Independent Audit Finds Critical Vulnerabilities in Popular Password Manager Extensions
A comprehensive security audit of browser extensions for five major password managers has revealed critical vulnerabilities that could expose user credentials.
An independent security audit commissioned by the Electronic Frontier Foundation has uncovered critical vulnerabilities in browser extensions for five of the most popular password managers, potentially exposing millions of users to credential theft.
The audit, conducted by NCC Group, examined browser extensions for LastPass, 1Password, Bitwarden, Dashlane, and Keeper. While the severity of findings varied by vendor, all five extensions contained at least one high-severity vulnerability.
"Browser extensions operate in a highly privileged environment with access to sensitive data across all websites," said the audit report's lead author, Jennifer Fernick. "The attack surface is significant, and we found that not all vendors have adequately addressed the unique risks."
The most serious finding involved a vulnerability in one vendor's extension that could allow a malicious website to extract passwords from the user's vault without any user interaction. The vendor has issued a patch and stated that there is no evidence of exploitation in the wild.

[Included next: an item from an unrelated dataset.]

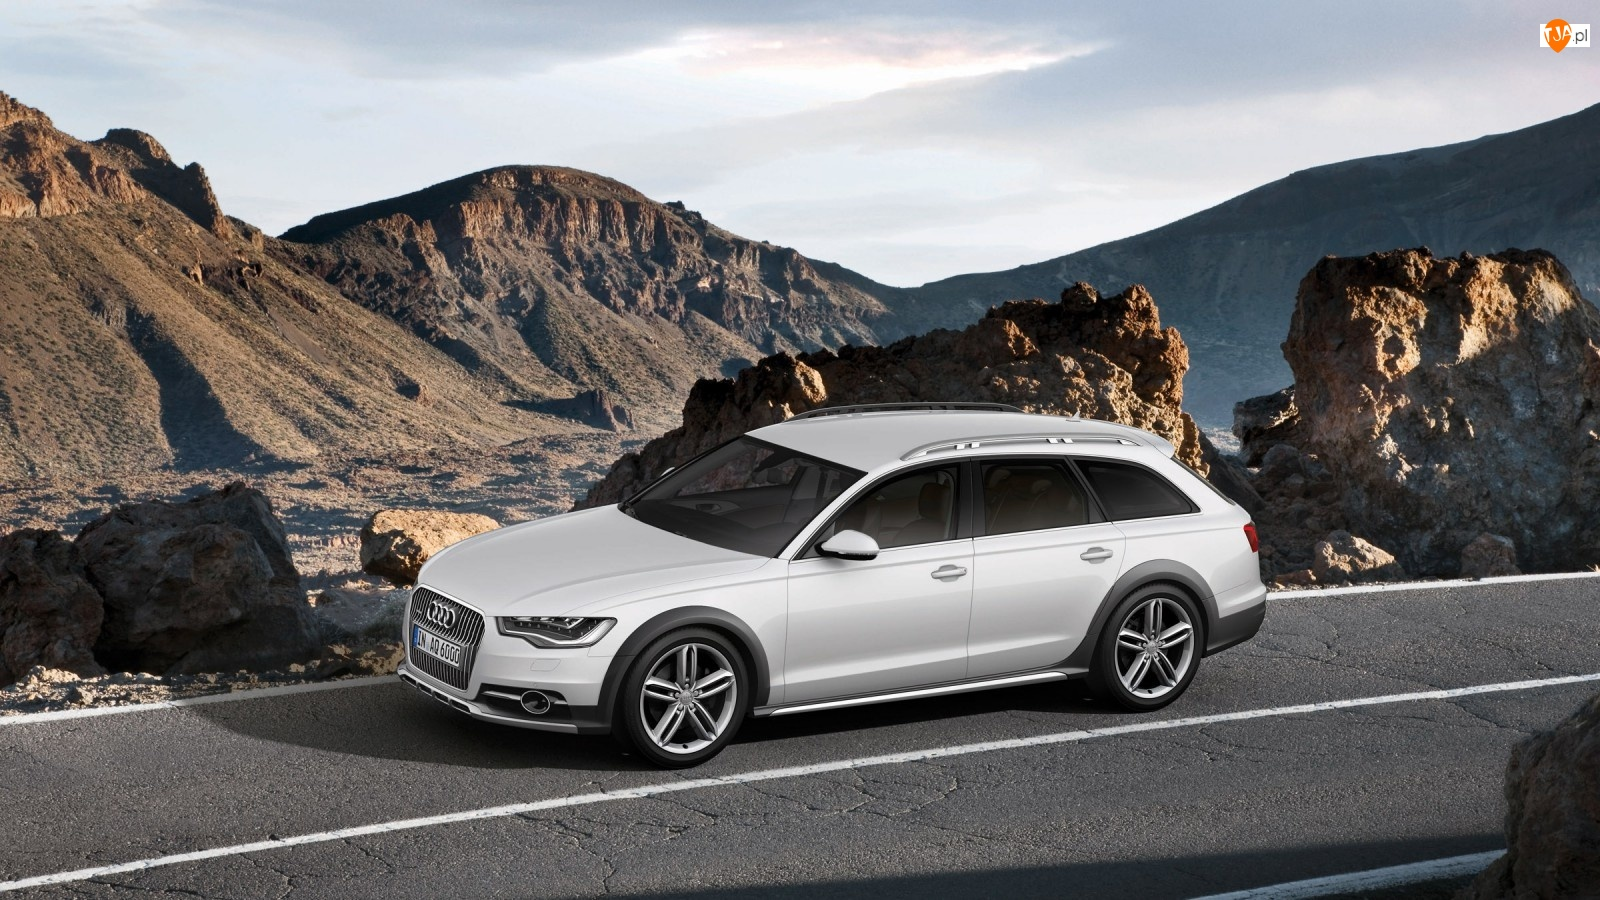 Audi A6, Góry, Allroad, Droga

Other findings included clickjacking vulnerabilities, improper input validation, and weaknesses in how extensions communicate with native applications.
All five vendors were notified of the findings under a coordinated disclosure process and have issued patches addressing the identified vulnerabilities.
"Users should ensure their password manager extensions are updated to the latest versions," said EFF's Director of Cybersecurity Eva Galperin. "Despite these findings, password managers remain significantly more secure than password reuse or weak passwords."
The full audit report, including technical details and remediation guidance, is available on the EFF's website.